Preventing Firefighter Injuries and Casualties by Examining the Culture of Safety
Drexel University was awarded a three-year, $1 million fire prevention and safety grant last month to develop tools to improve on-the-job safety for firefighters.
The award, from the Assistance to Firefighters Grant Program run by the Federal Emergency Management Agency (FEMA) and the Department of Homeland Security (DHS), builds on an existing FEMA-funded project at Drexel (FIRST) researching and developing the components of a national firefighter non-fatal injury data system (publichealth.drexel.edu/first). Both efforts are led by Dr. Jennifer A. Taylor, an assistant professor in Drexel’s School of Public Health.
With the new award, Taylor and collaborators will develop a survey to measure the safety climate – the measurable aspect of an organization’s or group’s attitudes toward safe behavior or “culture of safety”– for use in fire departments and by fire safety researchers.

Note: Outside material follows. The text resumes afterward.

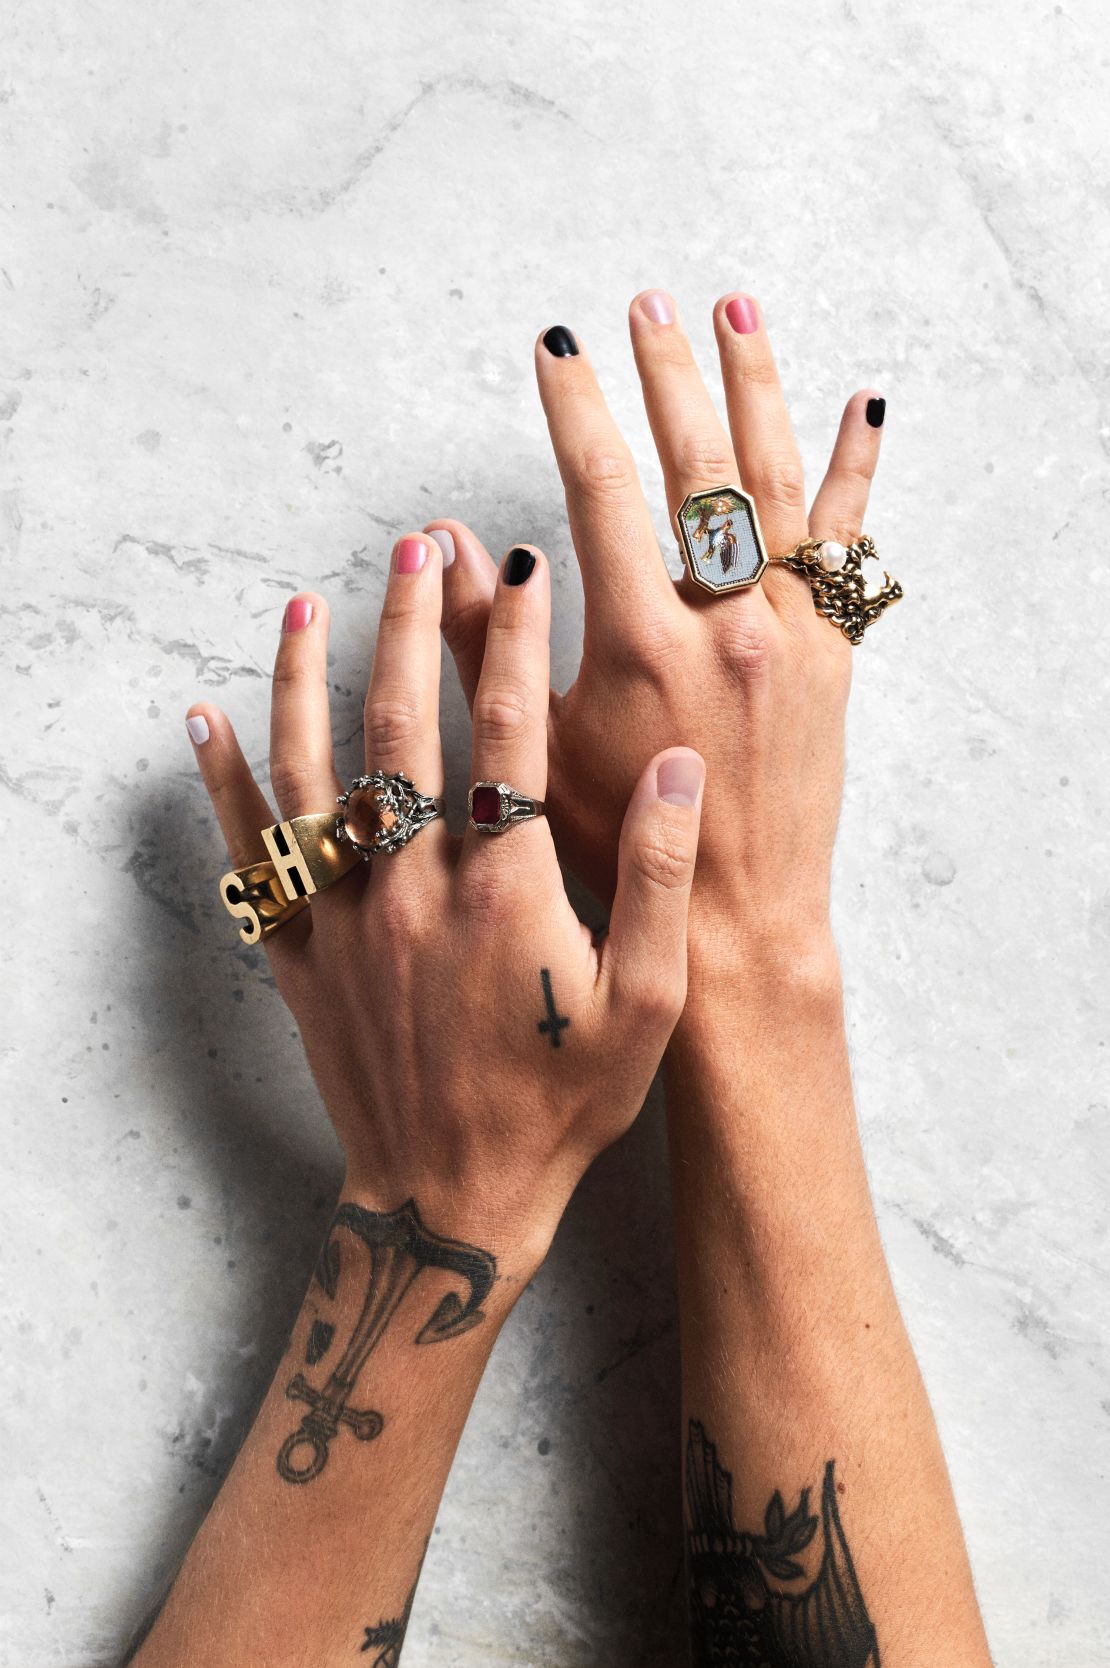 Harry Styles modeling the new range of nail polishes and his signature H and S rings.

“When there is a positive safety climate in a fire house, that means the leadership puts a high value on being safe. That value gets out to the frontline workers who change their behaviors to safe ones,” Taylor said.
According to Taylor, even the simplest steps to protect safety, such as buckling seatbelts, can be indicators of the value placed on safety. “Firefighters already put a high value on being ‘first in’ – the first on the scene to respond to an emergency. So if a fire chief says, ‘You won’t leave the fire house without buckling your seatbelt,’ that shows the value placed on safety.”
Conversely, “if they don’t buckle up, there will be other things they do that shortcut safety and increase the risk of preventable harm.”
That general principle has been demonstrated in more than 200 studies across a multitude of countries and industries that have concluded that safety climate is a robust predictor of safety outcomes, such as injuries. It’s valuable for an organization to know how strong its culture of safety is, in order to help improve it.
Yet the safety climate of fire departments is largely unmeasured.
After developing the survey of safety climate tailored especially for use in fire safety research, Taylor’s team will make the survey freely available to fire departments nationwide. Researchers will then be able to use the survey to measure a department’s safety climate both before and after implementing safety-related interventions, to determine whether an effort to improve safety culture has been effective.
Safety culture among firefighters has been noted as a major gap in firefighter safety knowledge by the National Fallen Firefighters Foundation (NFFF). There are 70-80 firefighter deaths in the line of duty each year, according to NFFF. Nonfatal injuries among the nation’s 1.2 million firefighters are much more common, with estimates numbering in tens of thousands, though the exact number is unknown.
“The topic of culture holds special significance to NFFF,” said Chief Ron Siarnicki, NFFF’s executive director. “In March 2004, we convened over 200 people at our National Fire Fighter Life Safety Summit to discuss line of duty death prevention. From this unprecedented discussion, 16 initiatives emerged. The most fundamental issue that was agreed upon by the Summit participants was the need for the fire service in the United States to change the culture of accepting the loss of firefighters as a normal way of doing business. Initiative #1 was: ‘Define and advocate the need for a cultural change within the fire service relating to safety, incorporating leadership, management, supervision, accountability and personal responsibility.’ Therefore, Drexel’s grant, which will make it possible to measure safety climate in the fire service, is a natural extension of that commitment we made in 2004.”
Taylor’s research team will conduct focus groups and individual interviews with firefighters to rigorously develop survey items specific to the firefighting industry. The resulting survey will be administered to a geographically stratified random sample of U.S. fire departments. The survey results will be examined for the strength of their association with firefighter injuries.
In addition to Taylor, co-investigators include national and international scholars. The qualitative phase of the study will be guided by Drexel’s Dr. Lisa Bowleg, an associate professor in the School of Public Health who is an internationally recognized qualitative and mixed methods researcher. World-renowned safety climate expert Dr. Dov Zohar will advise the survey development. Zohar, a professor of Behavioral Sciences and Management in the department of Industrial Engineering & Management at the Technion in Haifa, Israel, developed the term “safety climate” in 1980 and has inspired the science behind it for over 30 years.
The project will be guided by academic and community partners including an advisory council comprising career and volunteer fire service leaders representing NFFF, the International Association of Fire Fighters, National Volunteer Fire Council, International Association of Fire Chiefs, FireRescue Magazine and The Secret List, who will advise the project team regarding research site recruitment, survey item development, and dissemination of the project results and survey.
Taylor, who leads this project, is an injury prevention and control researcher who investigates the relationship between organizational climate and injuries in healthcare settings and in the fire service. Taylor’s other firefighter research grants include an NIOSH RO3 award in narrative text mining, and a contract from the International Association of Fire Chiefs to analyze the National Fire Fighter Near Miss Reporting System. Taylor received her doctoral degree from the Johns Hopkins Bloomberg School of Public Health, Department of Health Policy and Management. She obtained her master’s of Public Health degree in Health Services from the Boston University School of Public Health.